======== INPUT DATA

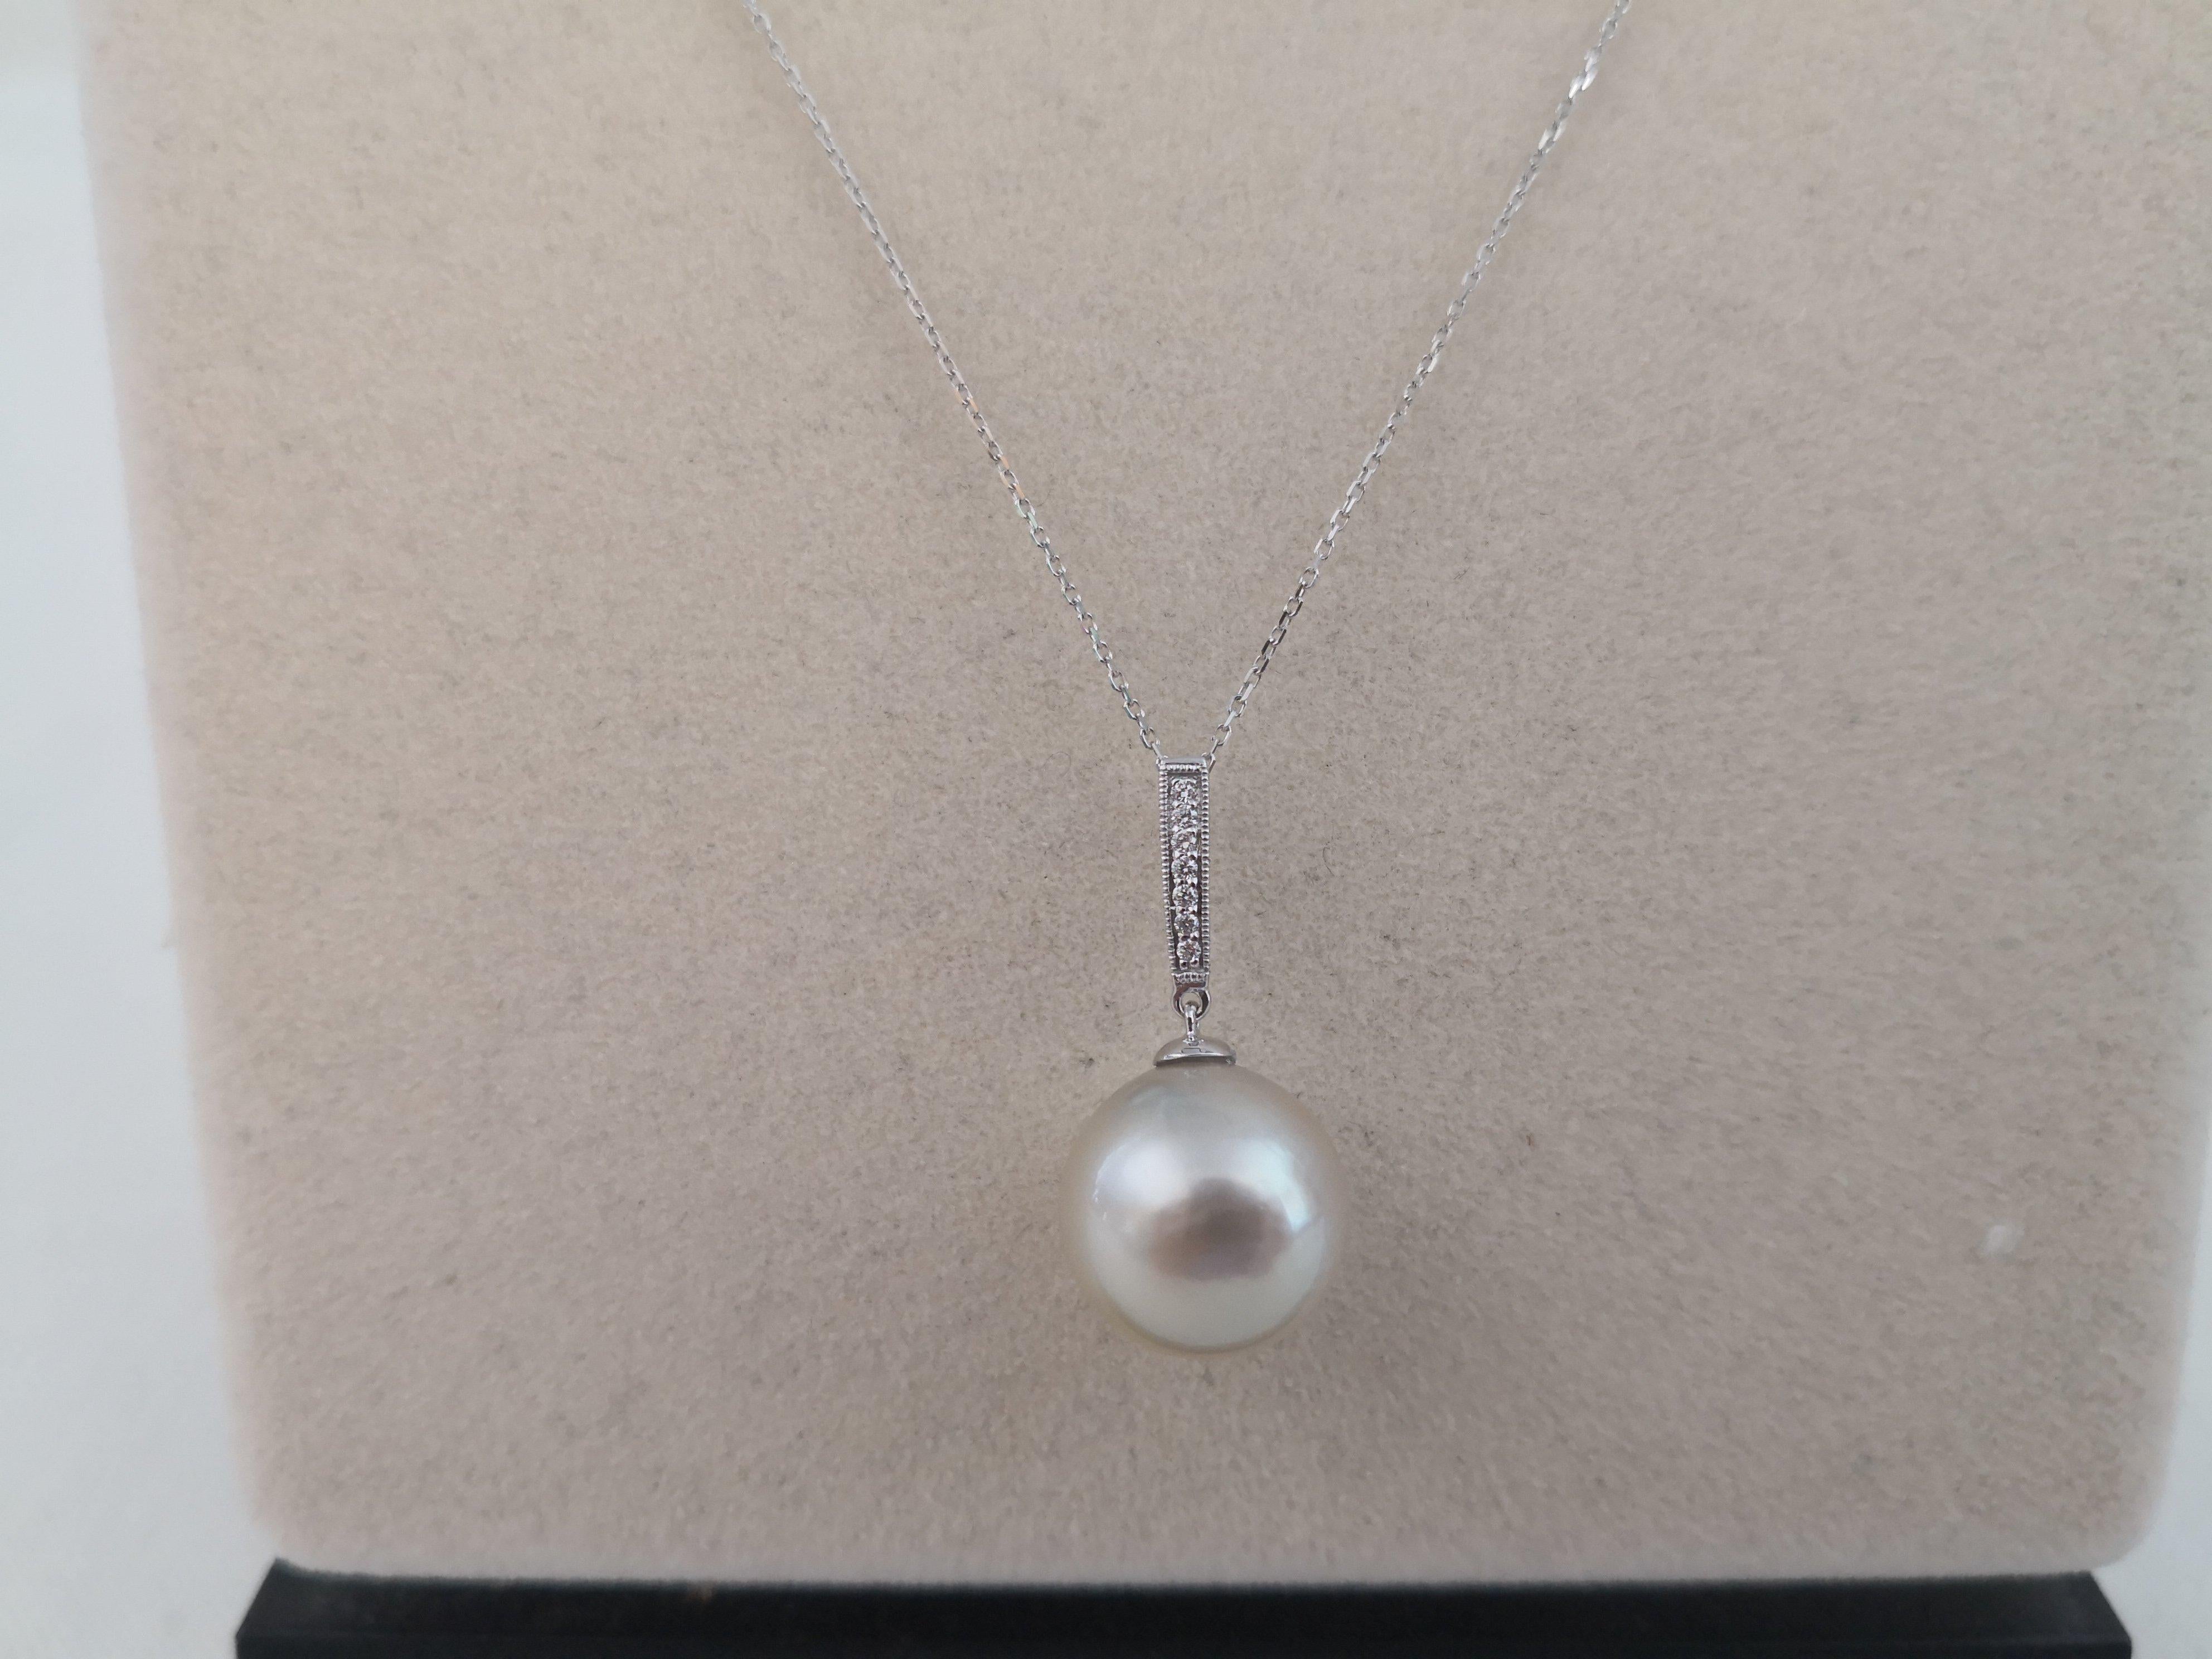 A Natural Color South Sea Pearl Pendant necklace

- Size of Pearl 13 mm mm of diameter

- Pearl from Pinctada Maxima Oyster

- Origin: Indonesia ocean waters

- Natural White Color pearl

- Natural luster and orient

- Pearls of Near Round shape

-
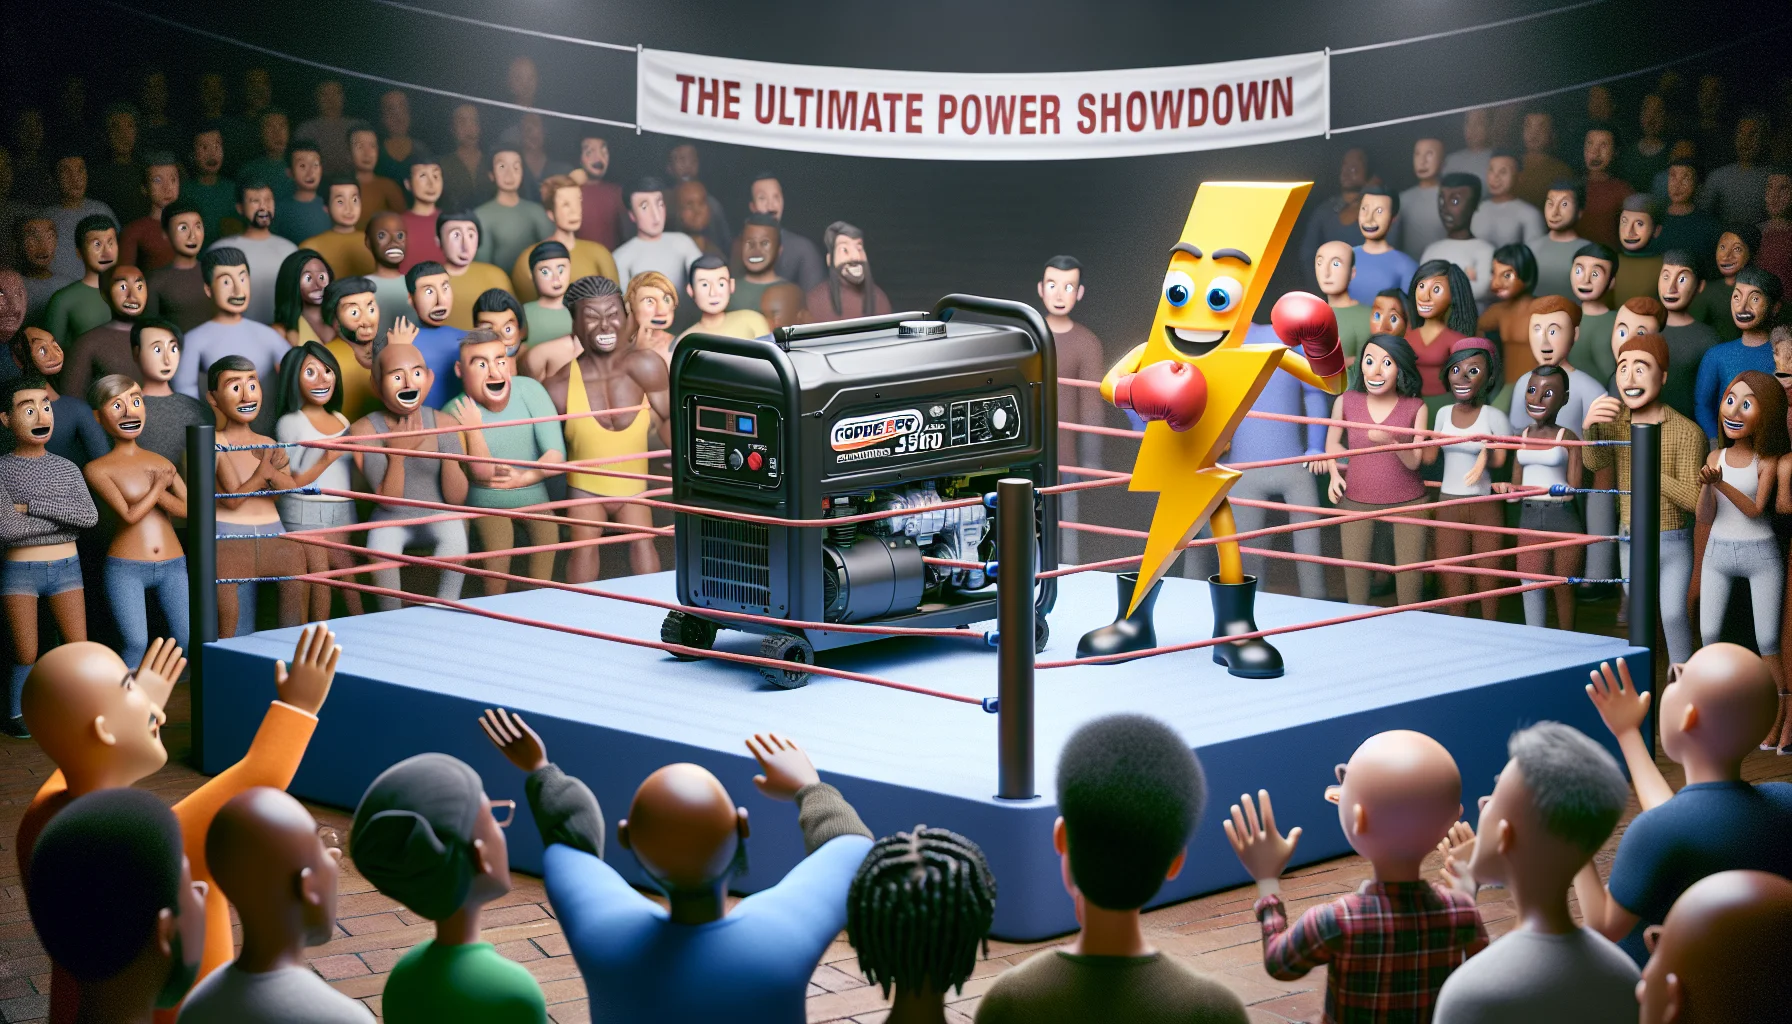 Image of a high-powered generic portable generator, labelled 'Power Pro 3500', in a humorous scenario to promote power generation. The generator is standing in a boxing ring with an anthropomorphized lightning bolt, both wearing boxing gloves. A surprised crowd of diverse onlookers, including men and women of Hispanic, Black, Middle-Eastern, South Asian and Caucasian descent, reacts to the scene. A banner over the ring says 'The Ultimate Power Showdown'. The atmosphere is both exciting and absurd, intended to make people smile and consider the benefits of generating their own electricity.

================

> TASK STATEMENT: Please transcribe all of the records above exactly, leaving out any pictures.

> RESPONSE TO THIS TASK:
 A Natural Color South Sea Pearl Pendant necklace

- Size of Pearl 13 mm mm of diameter

- Pearl from Pinctada Maxima Oyster

- Origin: Indonesia ocean waters

- Natural White Color pearl

- Natural luster and orient

- Pearls of Near Round shape

-
 Image of a high-powered generic portable generator, labelled 'Power Pro 3500', in a humorous scenario to promote power generation. The generator is standing in a boxing ring with an anthropomorphized lightning bolt, both wearing boxing gloves. A surprised crowd of diverse onlookers, including men and women of Hispanic, Black, Middle-Eastern, South Asian and Caucasian descent, reacts to the scene. A banner over the ring says 'The Ultimate Power Showdown'. The atmosphere is both exciting and absurd, intended to make people smile and consider the benefits of generating their own electricity.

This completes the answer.